Topics: Web Services

John West

requesting full day using ws_bulkdataselect

2012-01-27 00:24:07

Hi.

I'm retrieving continuous data using bulkdataselect, one day at a time. A
typical request line might look like "TA X16A -- BHZ 2007-03-30T00:00:00
2007-03-30T23:59:59.999"

Using this method, I occasionally miss one or two samples at the day
boundaries. I'm under the impression that the DMC internals make it more
efficient to request on day boundaries. How do you recommend I do this to
keep the data continuous and not miss samples at the day boundaries?

Thanks!

-- John

Doug Neuhauser

Re: requesting full day using ws_bulkdataselect

2012-01-26 07:19:02

One suggestion (which unfortunately changes the IRIS web service
time specification) is for time intervals to be half-open invervals,
represented in math notation as
[time1, time2)
This means the time interval where time t >= time1 and t < time2.

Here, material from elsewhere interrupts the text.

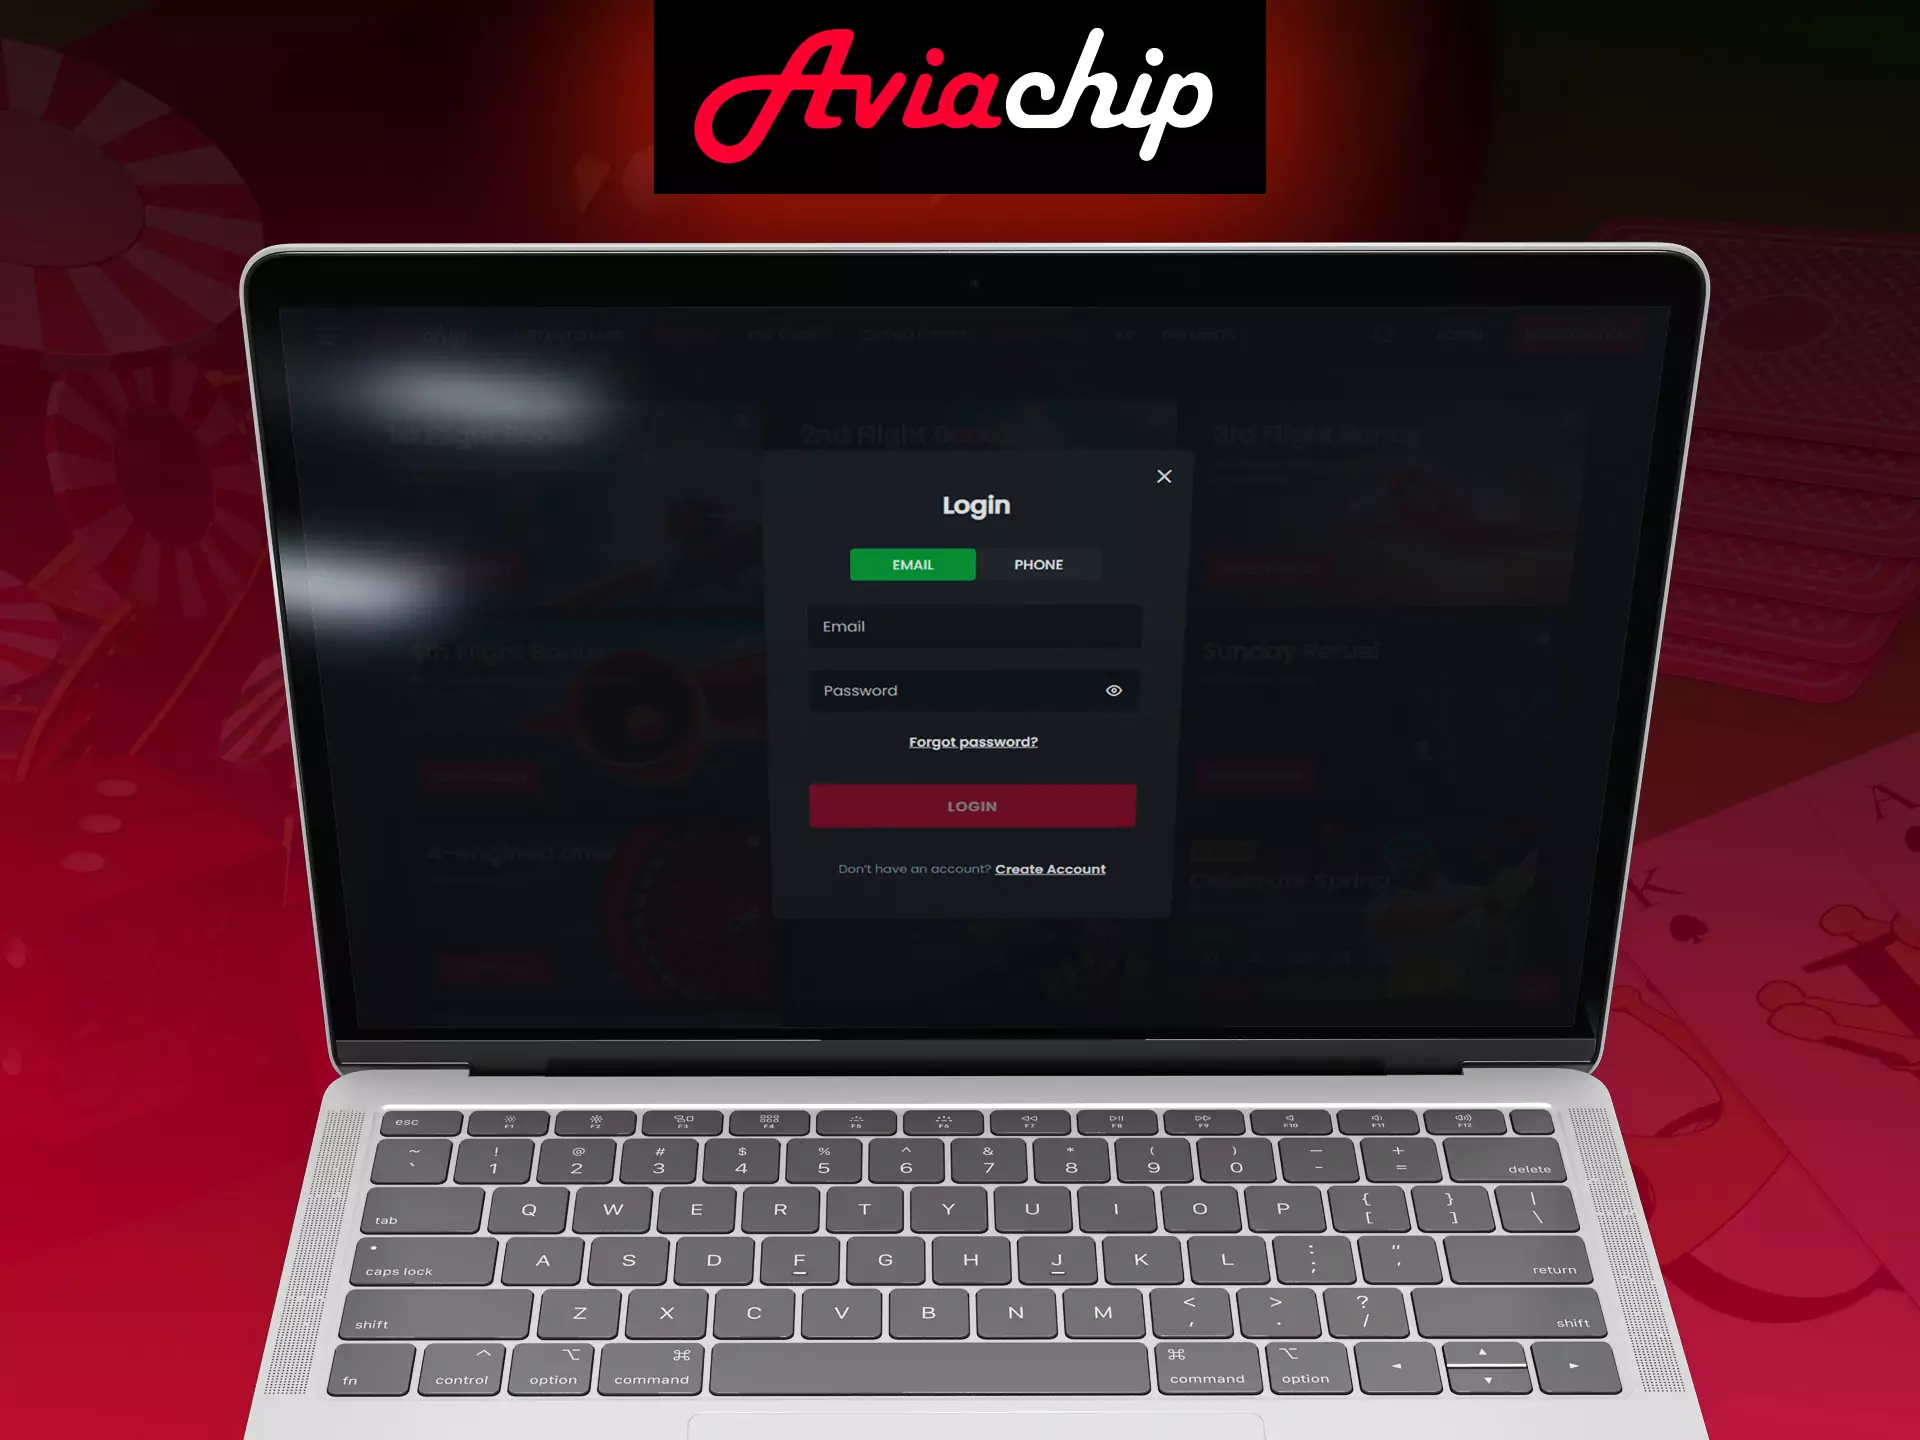 Log in to your Aviachip account to place bets and get bonuses.
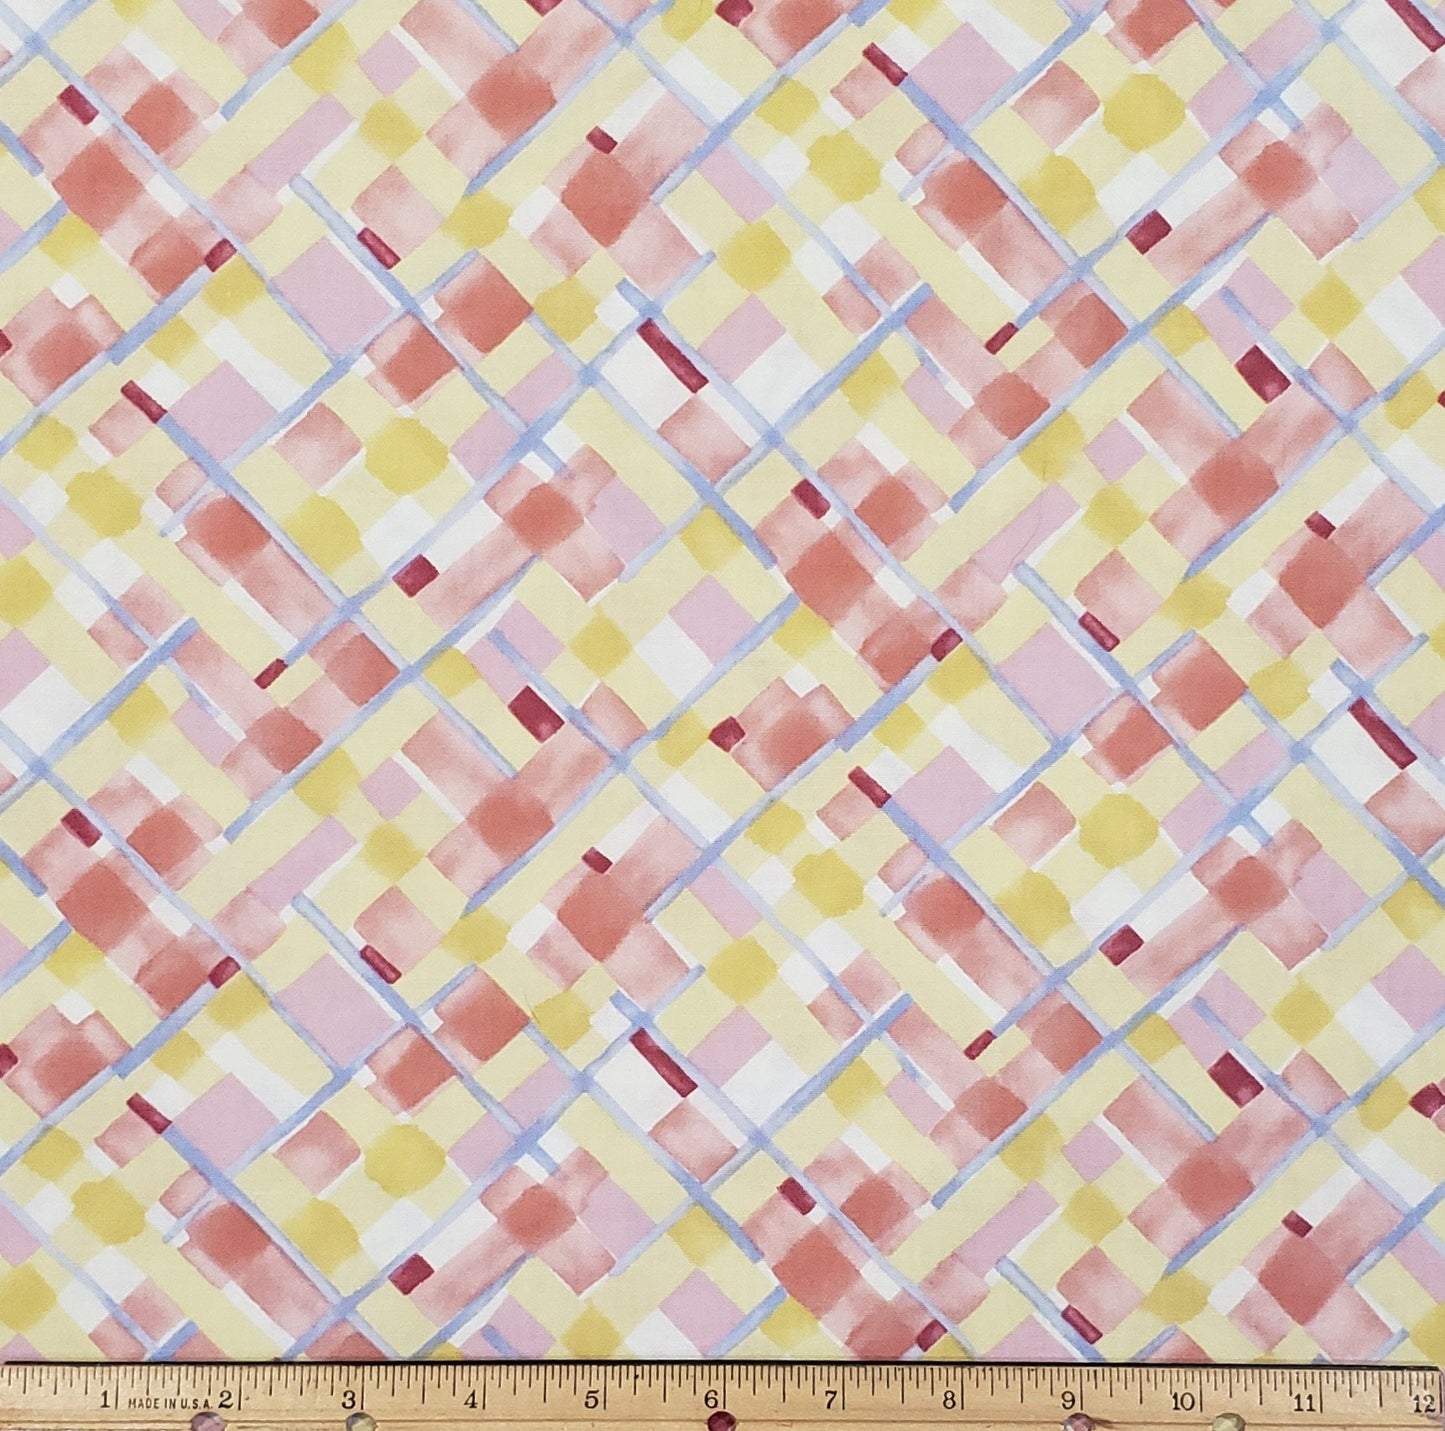 Flora by Moda - Geometric Print Fabric with Shades of Pink, Blue and Yellow

I believe that all IRIS services currently defined a closed interval
[time1, time2] which means the time interval where
time t >= time1 and <= time2.

Closed intervals make it very hard to request a series of
requests whose results can be concatenated to generate a
contiguous timeseries with no overlap. For day requests,
2 request for:
2007-03-03T00:00:00.0000 to 2007-03-04T00:00:00.0000
2007-03-04T00:00:00.0000 to 2007-03-05T00:00:00.0000
will contains 2 copies of a sample whose timestamp is 2007-03-04T00:00:00.0000
However, if the requests are open intervals, you will never miss a sample or
get a duplicate sample at a request boundary.

If you are missing 1 sample at a day boundary, it could be that you are missing a
sample timestamped between 59.999 and 00.000 seconds. If you are missing
more than one sample, there is either a timetear (or gap) in the timeseries,
or there is a problem with the IRIS web service.

- Doug N

On 1/25/12 10:24 PM, John D. West wrote:

Hi.

I'm retrieving continuous data using bulkdataselect, one day at a time. A typical request line might look like "TA X16A -- BHZ 2007-03-30T00:00:00 2007-03-30T23:59:59.999"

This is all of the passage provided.